A culpa é realmente de todos nós nem que seja pela nossa indiferença.
Carmo
Um mea e nostra-culpa, num excelente texto.
Touchée ( em várias acepções ).
sam,
gadinho, viu?
carmónima,
a indiferença é quase pior que o preconceito. quase.
mifas,
gadinho. viu.
adolfo simões,
um não sei quê técnico deste Blogger imprevisível fez cair o seu comentário, mas obrigado na mesma.
Neste, como em muitos outros casos, o preconceito e a indiferença (seja esta pura e simples, ou seja face ao preconceito de outros) são quase mais execráveis que os actos em si mesmos.
É indamissível que se mate (ou se considere, sequer, como "brincadeira") um outro ser humano só porque é diferente. É que, caso ainda ninguém tenha reparado, nós somos todos diferentes uns dos outros! E, por isso mesmo, estamos todos sujeitos a que um dia um qualquer "artista", novo ou velho, se ache no direito de espancar/matar outro só porque achou que esse outro não era igual a ele. Travesti, estrangeiro, dependente, incompreendido. Quem nunca se sentiu assim? Graças a Deus, alguns de nós não se atravessaram nesse dia com uns miúdos traquinas... Como, infelizmente, aconteceu com a Gisberta.
(Rui, desculpa, a gripe deixa-me ainda mais intransigente!)
Rui
Não há muito a dizer a não ser que o texto está excelente. E actual. E aposto que infelizmente daqui a um ano também estará.

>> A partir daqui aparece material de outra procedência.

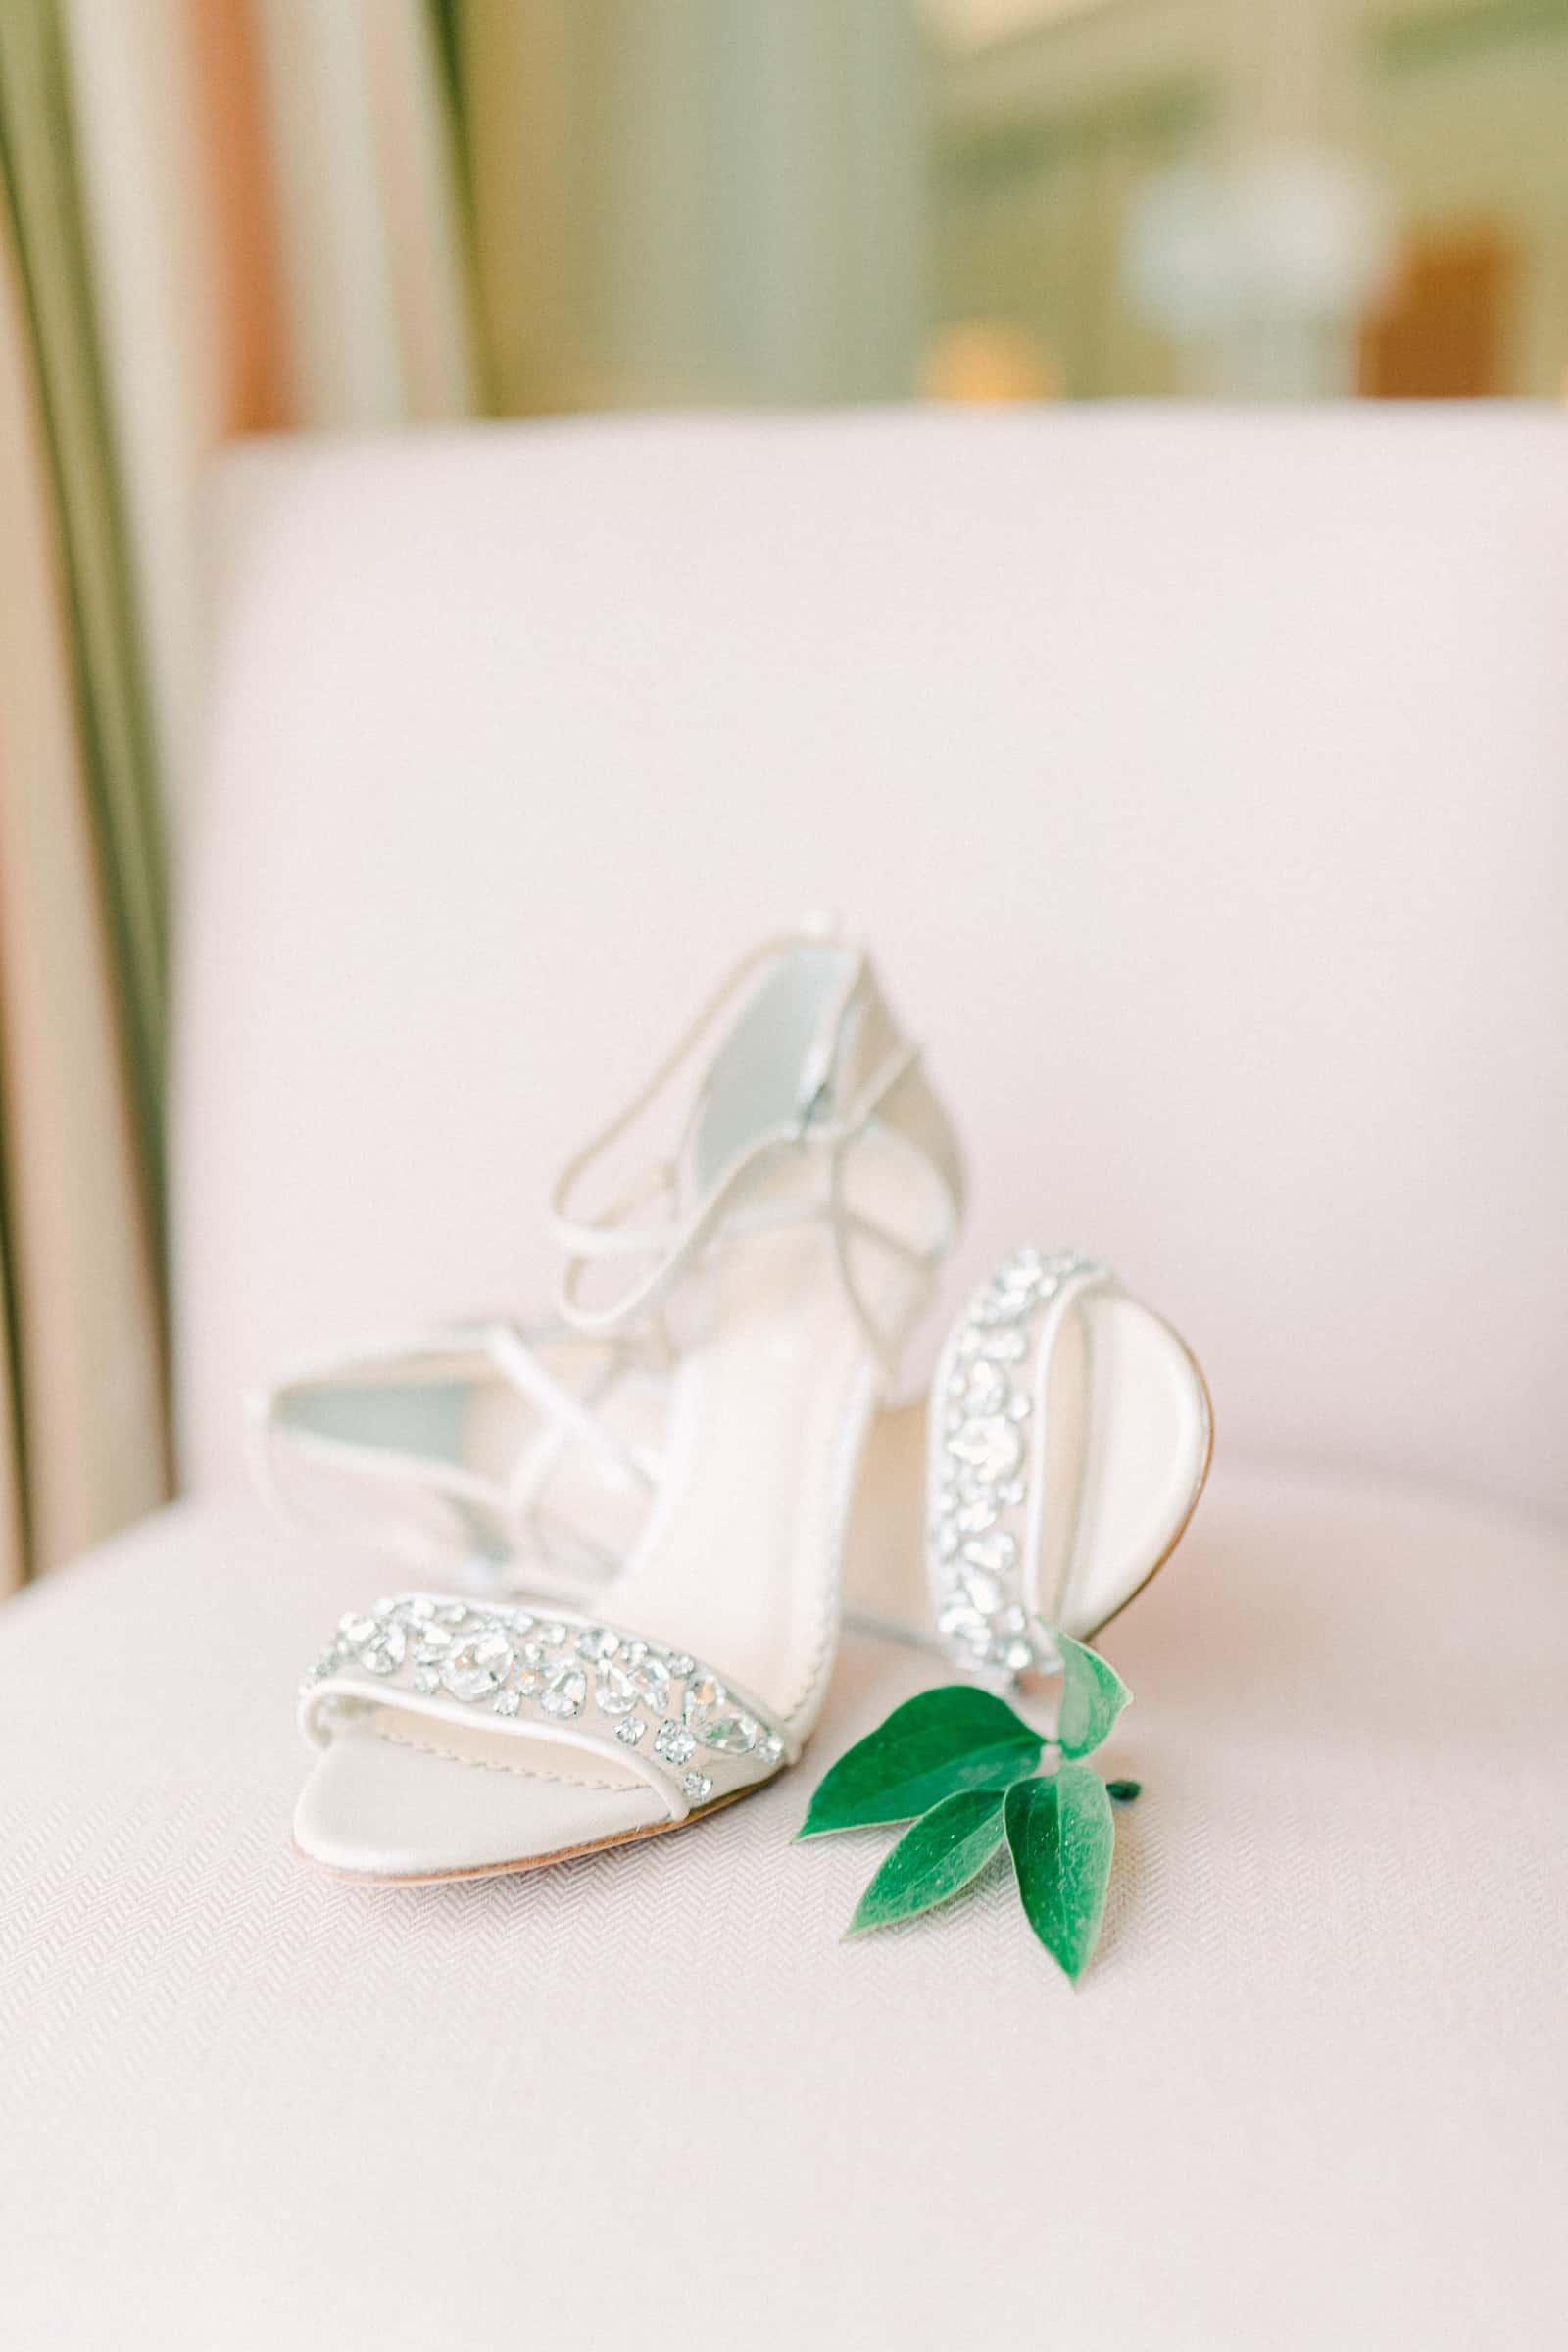 Jeweled bride's wedding shoes

E dois..e três...
Touchée mesmo. ou de como podemos hipocritamente ir assobiando para o lado e fingir que coisas destas só se passam "lá fora".
infelizmente, o texto continua muito actual
lita,
as melhoras, amiga.
saci,
infelizmente assim o creio também.
leonor,
incrível, não é? e muito humano, diga-se.